It had been some day or two since I had wiped him from this territory. His scent is gone now, no longer lingering on the salted winds. His den has been filled in. My own has been dug out roughly by the central region of the pack. This place has begun its journey into its newest era. Long gone is the blackened blood that had run deep into my fur and skin. Now, I can see the raw wounds across my back limb, a sloppy mess of skin and pink flesh. I can feel the consistent sting of salt over my scalp. I have fed the earth here well. With the rising of the sun on the third day, I too rise in the wind. My skin is still warm with the fallout from my prior clashing with Tesseract, but I rise today to find those within this place. I know they remain for I have heard them, smelt them, felt them in the very breeze. They have stayed here despite his leaving, which is an intriguing thing in itself. I wonder if such a thing impacts him, if he feels a crater inside him from the loss of his support. It is my support now, or at least, it will be soon.

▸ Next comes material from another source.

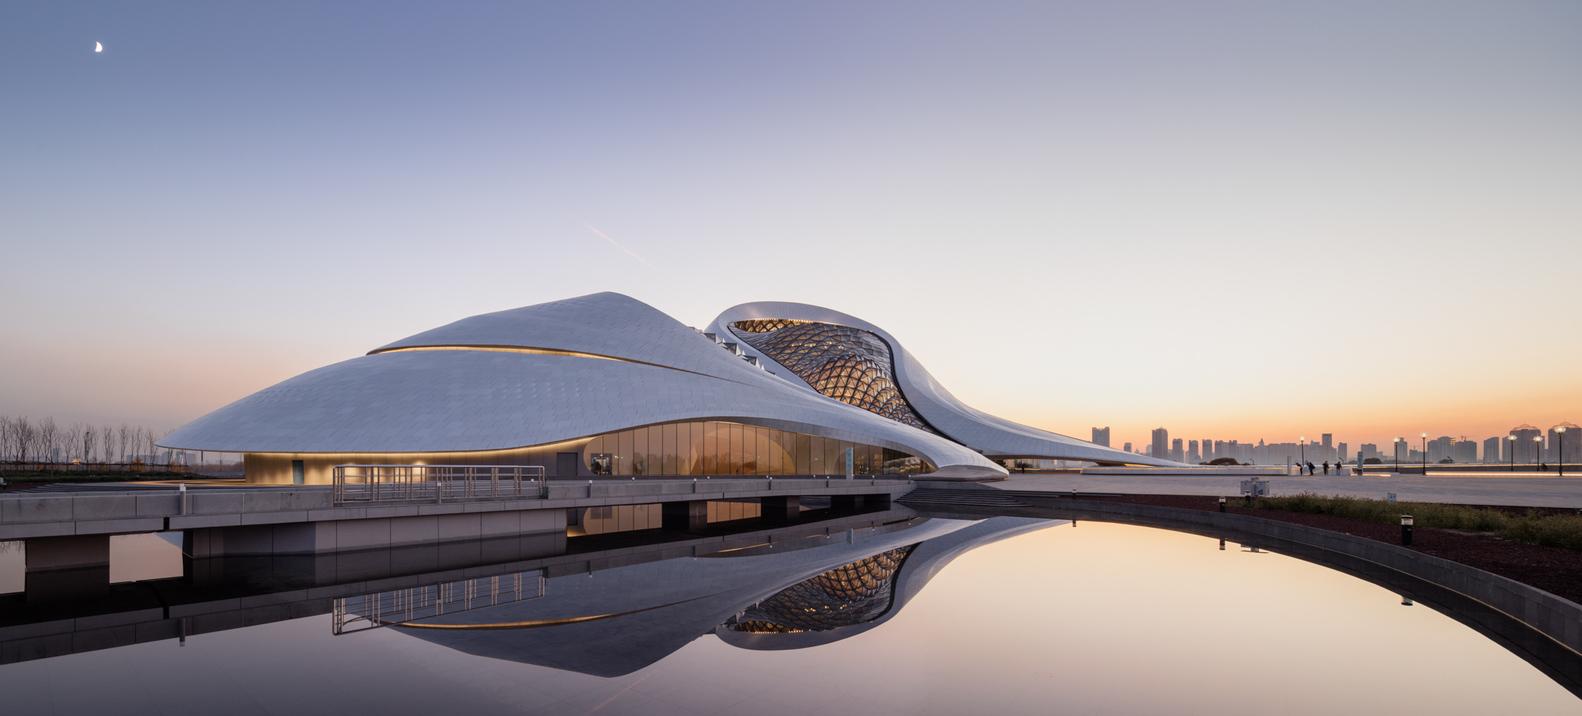 MAD_Harbin_Opera_House_002_©Adam_Mork
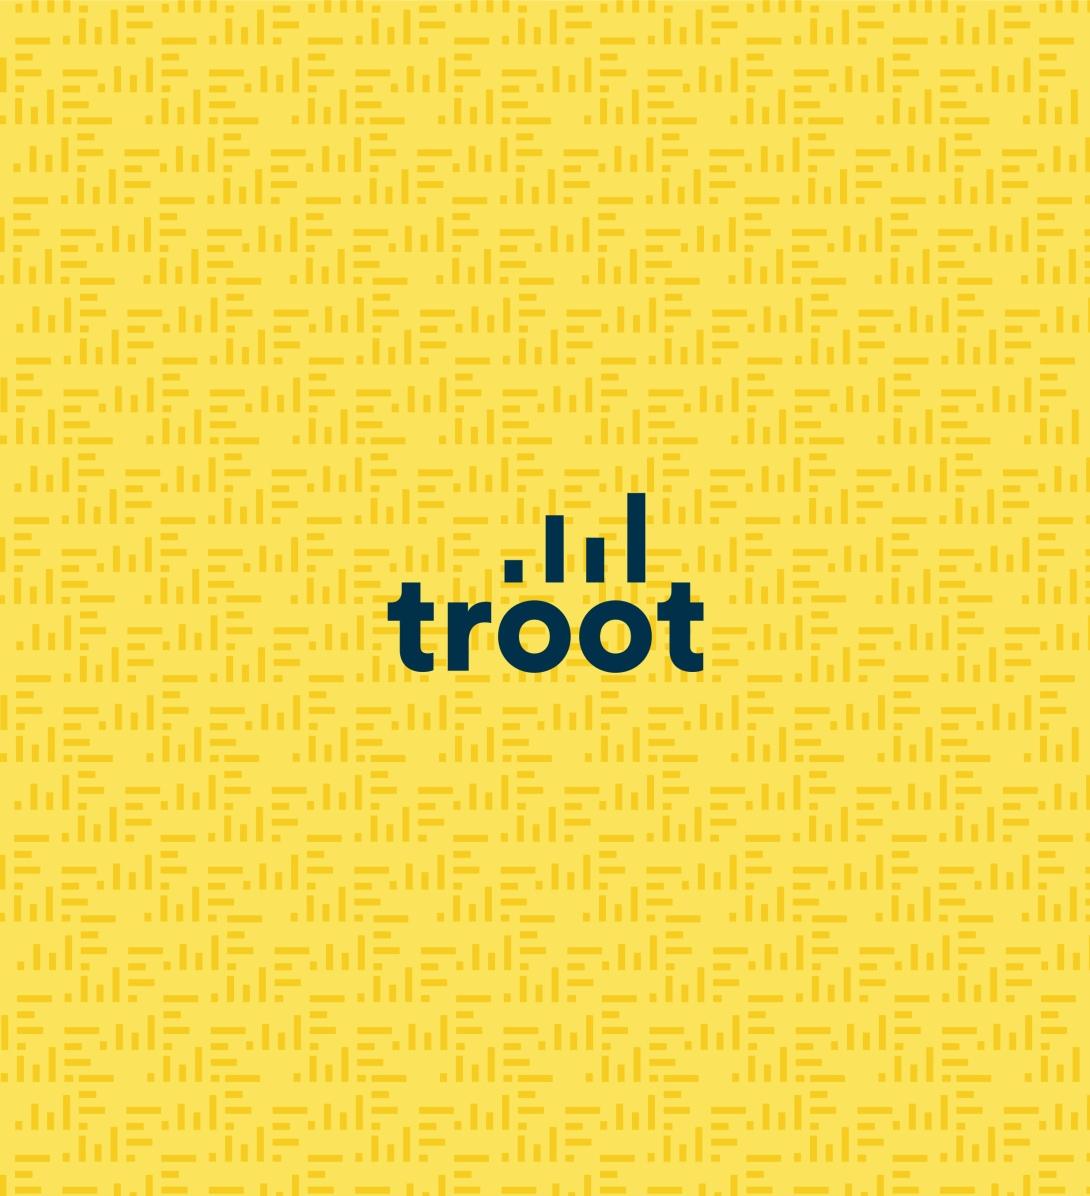 Troot_taustat-2

The sun hovers above the horizon, tall shadows spreading across the forested stretch of the territory. I move to the east, breaking onto the tall dunes of pale sand. Tangles of plants grip into the soil, keeping it solid beneath my weight as I work my way along until I reach my desired location. It is a tall dune that faces into the pack land, a stretch of patchier forestry extending into the mainland. I can smell others here and I come to assume that this is the location their previous king had held his announcements. I cannot help but snort at the prospect, sliding down the dune until I hit the dirt once again. The sand blusters into my wounds, a sting that makes me hiss beneath my breath. How obnoxious to feel such a thing. Is is not the same hot, raw pain that comes first.
I do not find enjoyment in this.
I settle into the shadows of the dune then, releasing a sharp call for any that may be lingering in this area. I call them to me, and they will surely come. Be it one or all, I do not care. I wish to begin evaluating them, prying away their weaknesses and pruning the tree that is this hierarchy.